Calculate the sharpness of an image using the Laplacian operator.

Parameters:

image – A TensorFlow tensor representing an RGB image.

Returns:

A TensorFlow tensor containing the sharpness of the image.

calculate_snr(image)[source]

Calculate the Signal-to-Noise Ratio (SNR) of an image.

Parameters:

image_tensor – A TensorFlow tensor representing an RGB or RGBA image.

Returns:

A TensorFlow tensor containing the SNR of the image.

process_batch(images)[source]

Process a batch of images and calculate various metrics.

Parameters:

images – A TensorFlow tensor representing a batch of images.

Returns:

A tuple containing the brightness, sharpness, channel mean, SNR, and channel histogram of the batch.

class lensai_profiler.Sketches[source]

Bases: object

A generic class to manage and update KLL sketches for custom-defined metrics.

Supports both TensorFlow and PyTorch tensors for compatibility with different deep learning frameworks.

compute_thresholds(lower_percentile=0.1, upper_percentile=0.99)[source]

Compute the lower and upper percentile thresholds for all registered KLL sketches.

Parameters:
  • lower_percentile (float) – Lower percentile value (default is 0.1).

  • upper_percentile (float) – Upper percentile value (default is 0.99).

Returns:

A dictionary containing the computed thresholds for all sketches.

Return type:

dict

load_sketches(base_path)[source]

Load all KLL sketches from binary files.

Parameters:

base_path (str) – Path to the base directory from which sketches will be loaded.

pt_update_sketches(**kwargs)[source]

PyTorch-specific method to update KLL sketches by directly calling update_sketches.

Parameters:

**kwargs – Keyword arguments where the key is the metric name and the value is the corresponding PyTorch tensor.

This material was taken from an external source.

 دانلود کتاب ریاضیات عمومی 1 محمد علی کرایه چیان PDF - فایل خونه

publish_sketches(folder_path, endpoint_url, sensor_id='reference')[source]

Compress a folder and post it to an endpoint, then clean up intermediate files.

Parameters:
  • folder_path (str) – The path to the folder to compress and post.

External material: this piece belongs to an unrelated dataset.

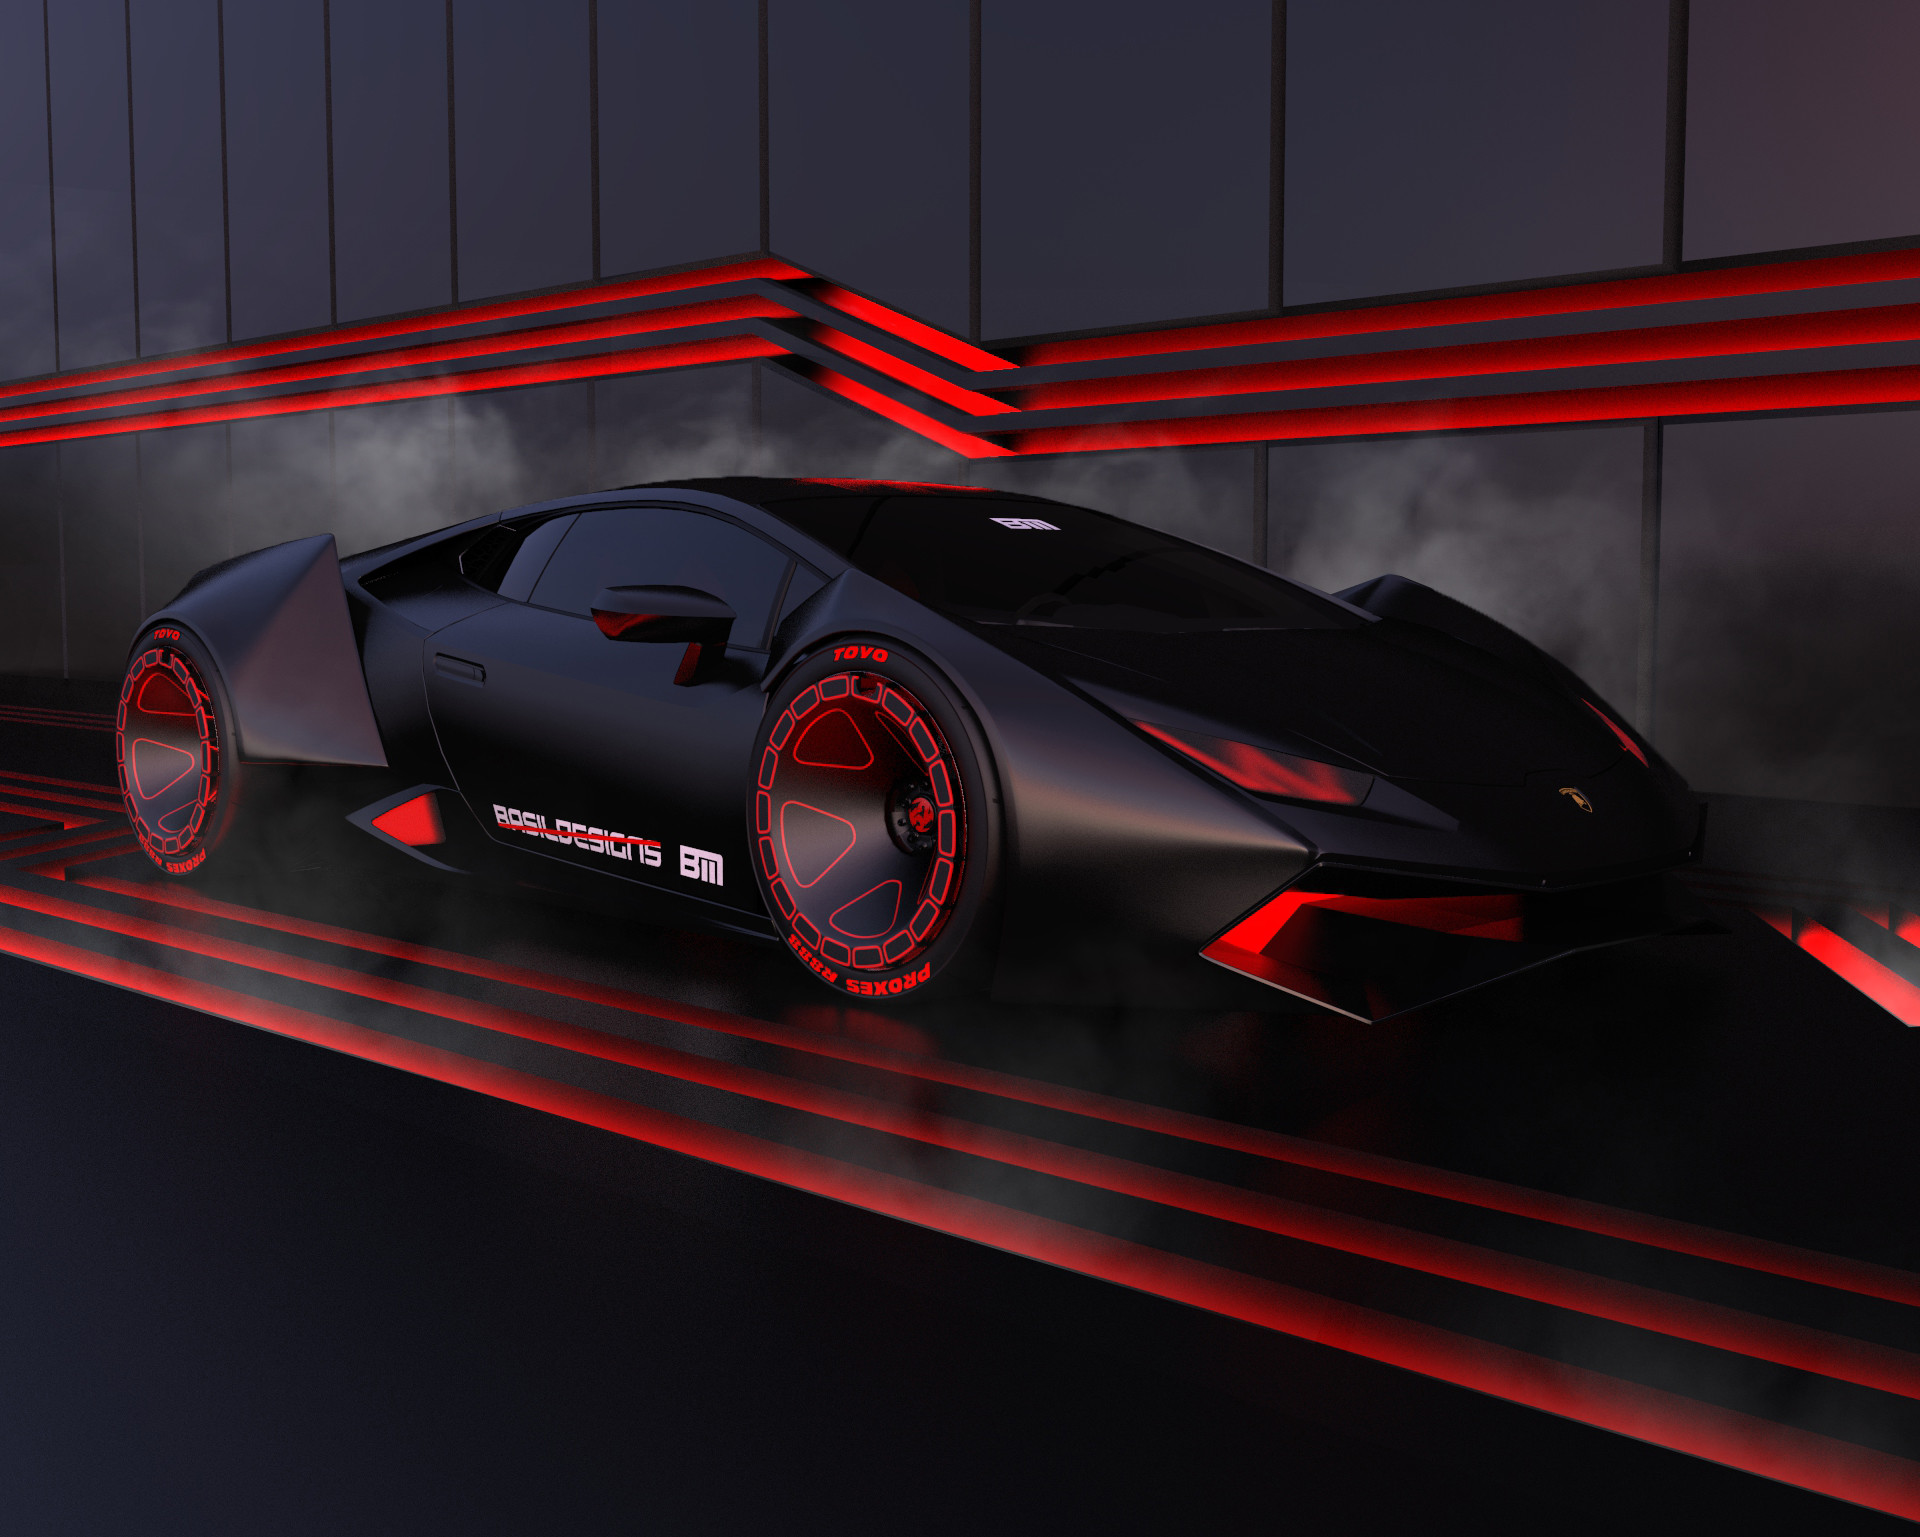 ArtStation - Cyberpunk Lamborghini Huracan

  • endpoint_url (str) – The URL of the endpoint to post to.

  • sensor_id (str) – The value for the ‘sensorid’ header.

register_metric(metric_name, num_channels=1)[source]

Register a custom metric by name. Each metric will have a corresponding KLL sketch.

Parameters:
  • metric_name (str) – The name of the custom metric.

  • num_channels (int) – The number of channels for the metric (e.g., 3 for RGB images). Default is 1.

save_sketches(base_path)[source]

Save all registered KLL sketches to binary files for later use.

Parameters:

base_path (str) – Path to the base directory where sketches will be saved.

tf_update_sketches(**kwargs)[source]

TensorFlow-specific method to update KLL sketches using tf.py_function.

Parameters:

**kwargs – Keyword arguments where the key is the metric name and the value is the corresponding TensorFlow tensor.

update_kll_sketch(sketch, values)[source]

Update a KLL sketch with values from a tensor.

Parameters:
  • sketch (datasketches.kll_floats_sketch) – The KLL sketch to be updated.

  • values (TensorFlow or PyTorch tensor) – The tensor containing values to update the sketch with.

update_sketches(**kwargs)[source]

Update all registered KLL sketches in parallel using the provided metric values.

Parameters:

**kwargs – Keyword arguments where the key is the metric name and the value is the corresponding data tensor.

lensai_profiler.calculate_percentiles(x, probabilities, lower_percentile=0.01, upper_percentile=0.99)[source]

Calculates percentiles from a PMF (Probability Mass Function) represented as two separate lists.

Parameters:
  • x – List containing the x-values (possible values) in the distribution.

  • probabilities – List containing the probabilities corresponding to the x-values.

  • lower_percentile – Float between 0 and 1 (inclusive) specifying the lower percentile (default 0.01).

  • upper_percentile – Float between 0 and 1 (inclusive) specifying the upper percentile (default 0.99).

Returns:

A tuple containing the lower and upper percentiles (x-values, float).

lensai_profiler.get_histogram_sketch(sketch, num_splits=30)[source]

Reads a binary file, deserializes the content, and extracts the PMF.

Parameters:
  • sketch – A probabilistic data structure representing the sketch of the distribution.

  • num_splits – Number of splits for the PMF (default: 30).

Returns:

A tuple containing x-axis values and the PMF.